If that doesn't work, you can always invoke garbage collection manually:
import gc
class MyHandler(tornado.web.RequestHandler):
#tornado.web.asynchronous
def post(self):
....
def _finish_req(self):
....
def on_connection_close(self):
gc.collect()
The code looks good. The leak is probably inside Tornado.
I only stumbled over this line:
async_client = tornado.httpclient.AsyncHTTPClient()

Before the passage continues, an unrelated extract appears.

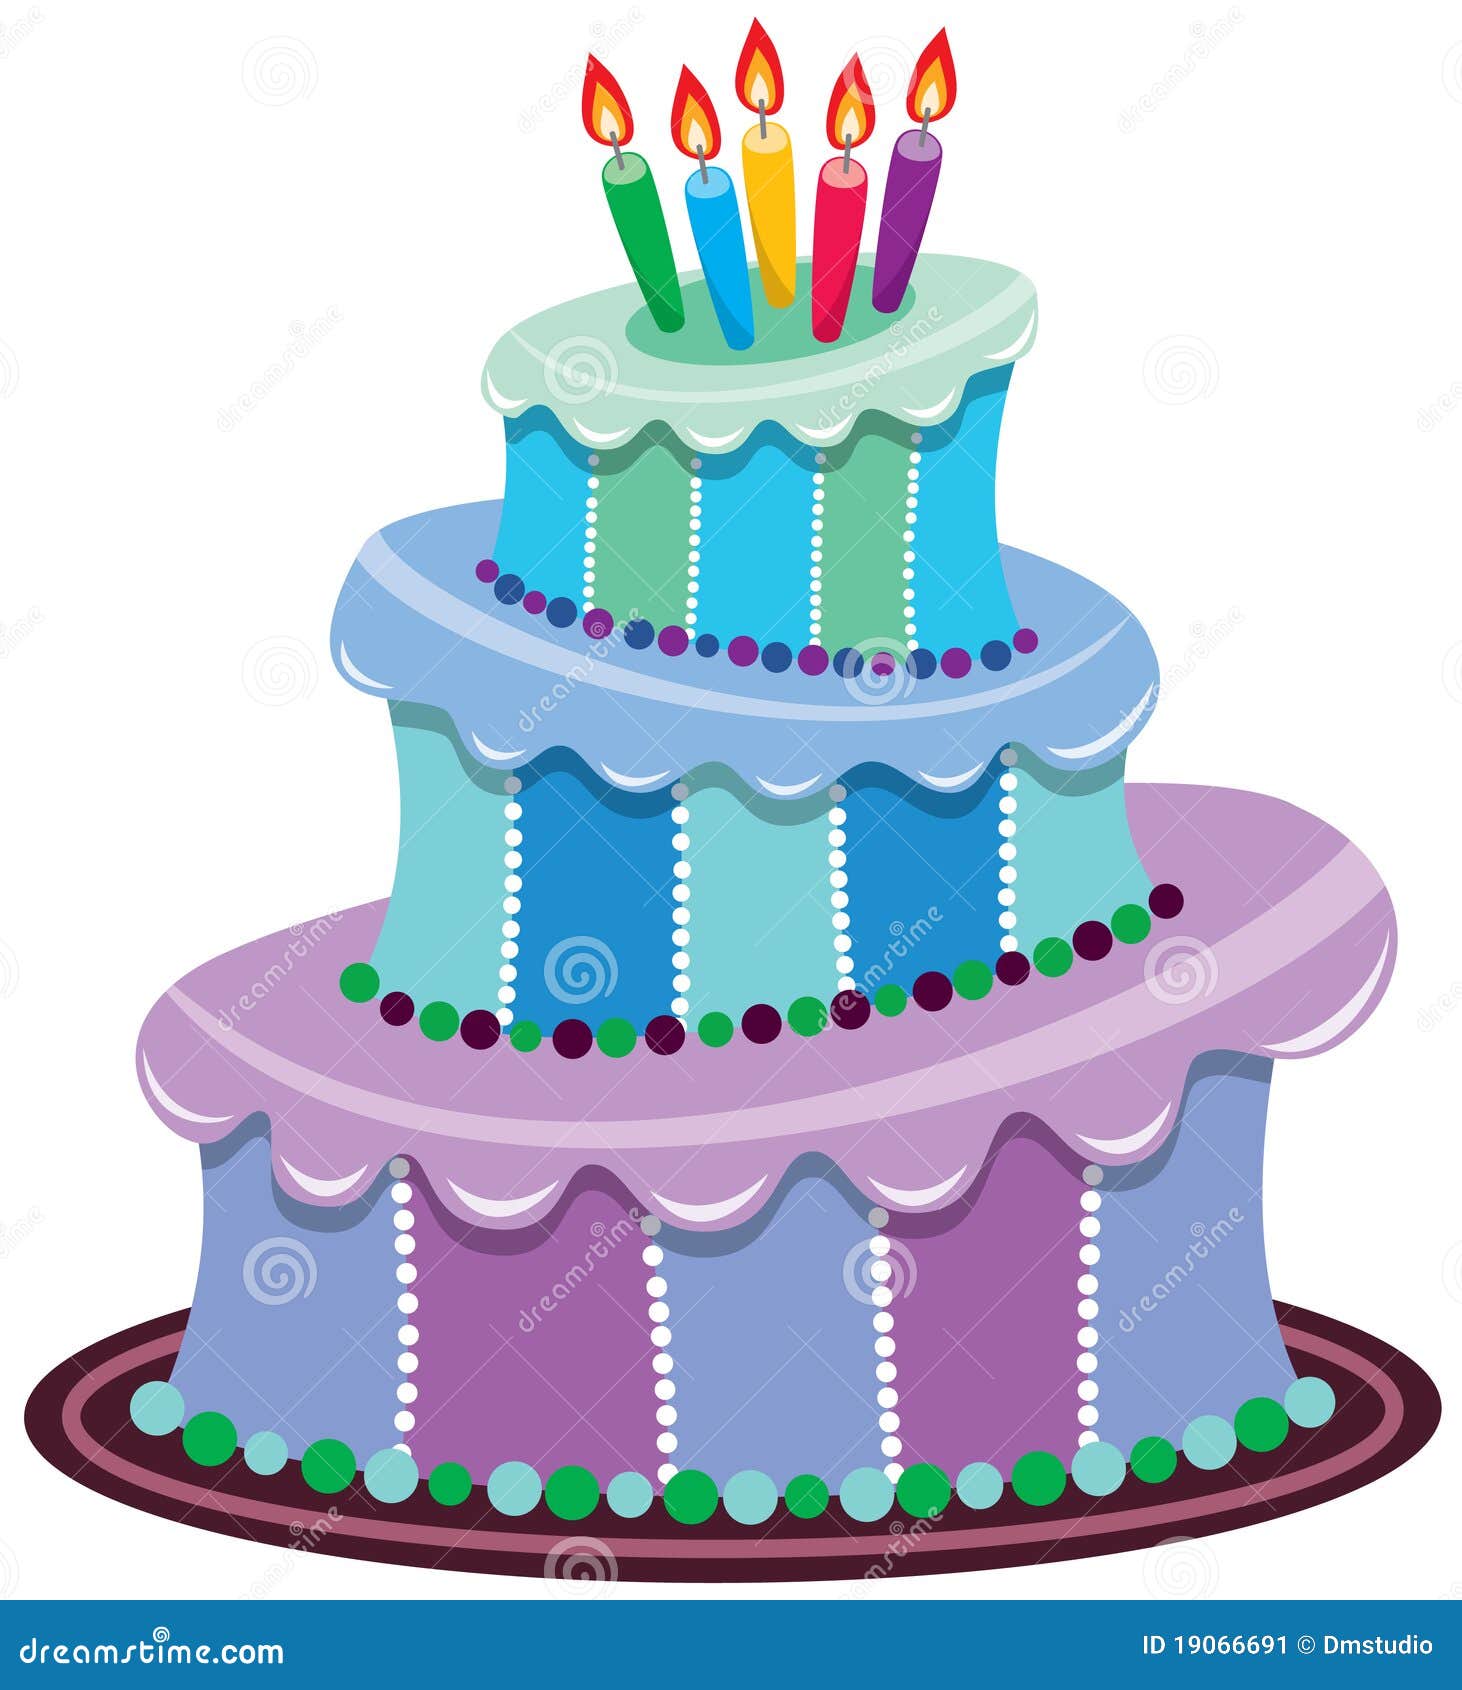 clipart tort urodzinowy - photo #9
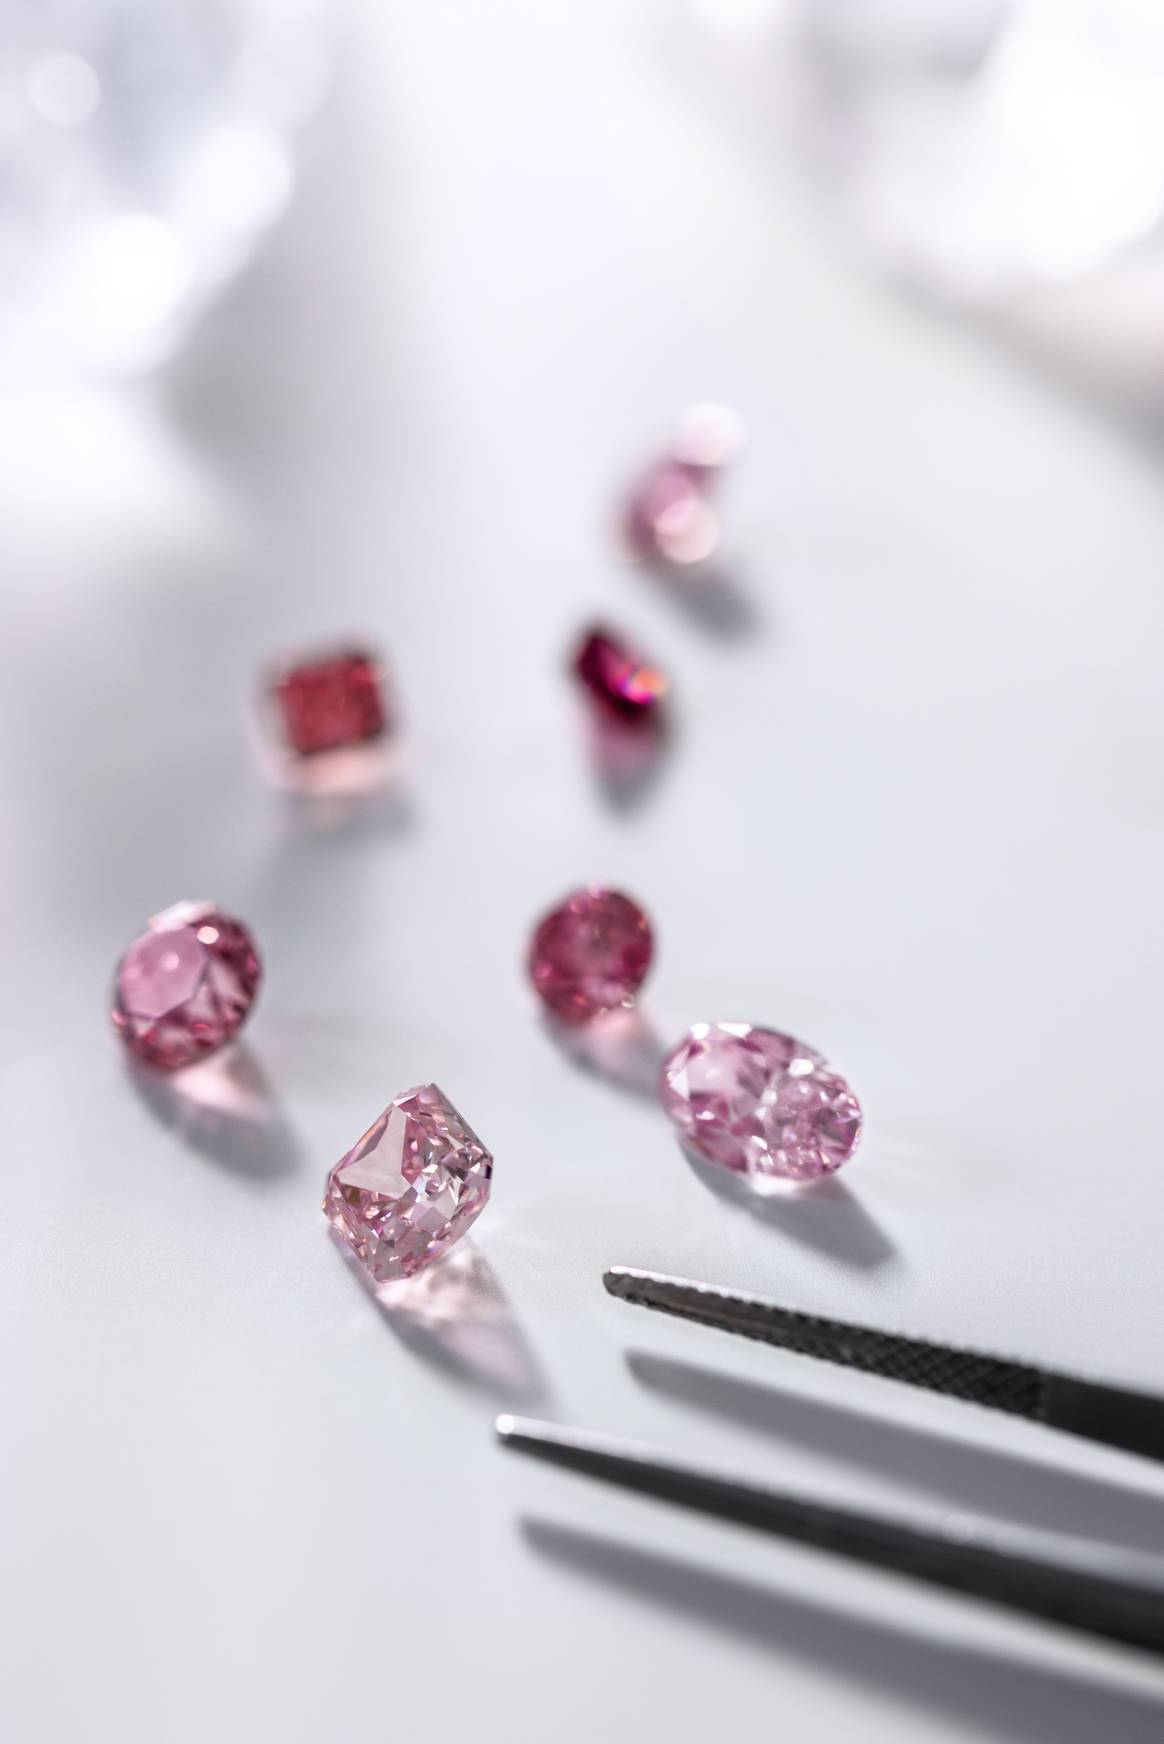 Image: Tiffany & Co.; Argyle Pink diamonds

Are you aware of the instantiation magic in this constructor?
From the docs:
"""
The constructor for this class is magic in several respects: It actually
creates an instance of an implementation-specific subclass, and instances
are reused as a kind of pseudo-singleton (one per IOLoop). The keyword
argument force_instance=True can be used to suppress this singleton
behavior. Constructor arguments other than io_loop and force_instance
are deprecated. The implementation subclass as well as arguments to
its constructor can be set with the static method configure()
"""
So actually, you don't need to do this inside the loop. (On the other
hand, it should not do any harm.) But which implementation are you
using CurlAsyncHTTPClient or SimpleAsyncHTTPClient?
If it is SimpleAsyncHTTPClient, be aware of this comment in the code:
"""
This class has not been tested extensively in production and
should be considered somewhat experimental as of the release of
tornado 1.2.
"""
You can try switching to CurlAsyncHTTPClient. Or follow
Nikolay Fominyh's suggestion and trace the calls to __callback().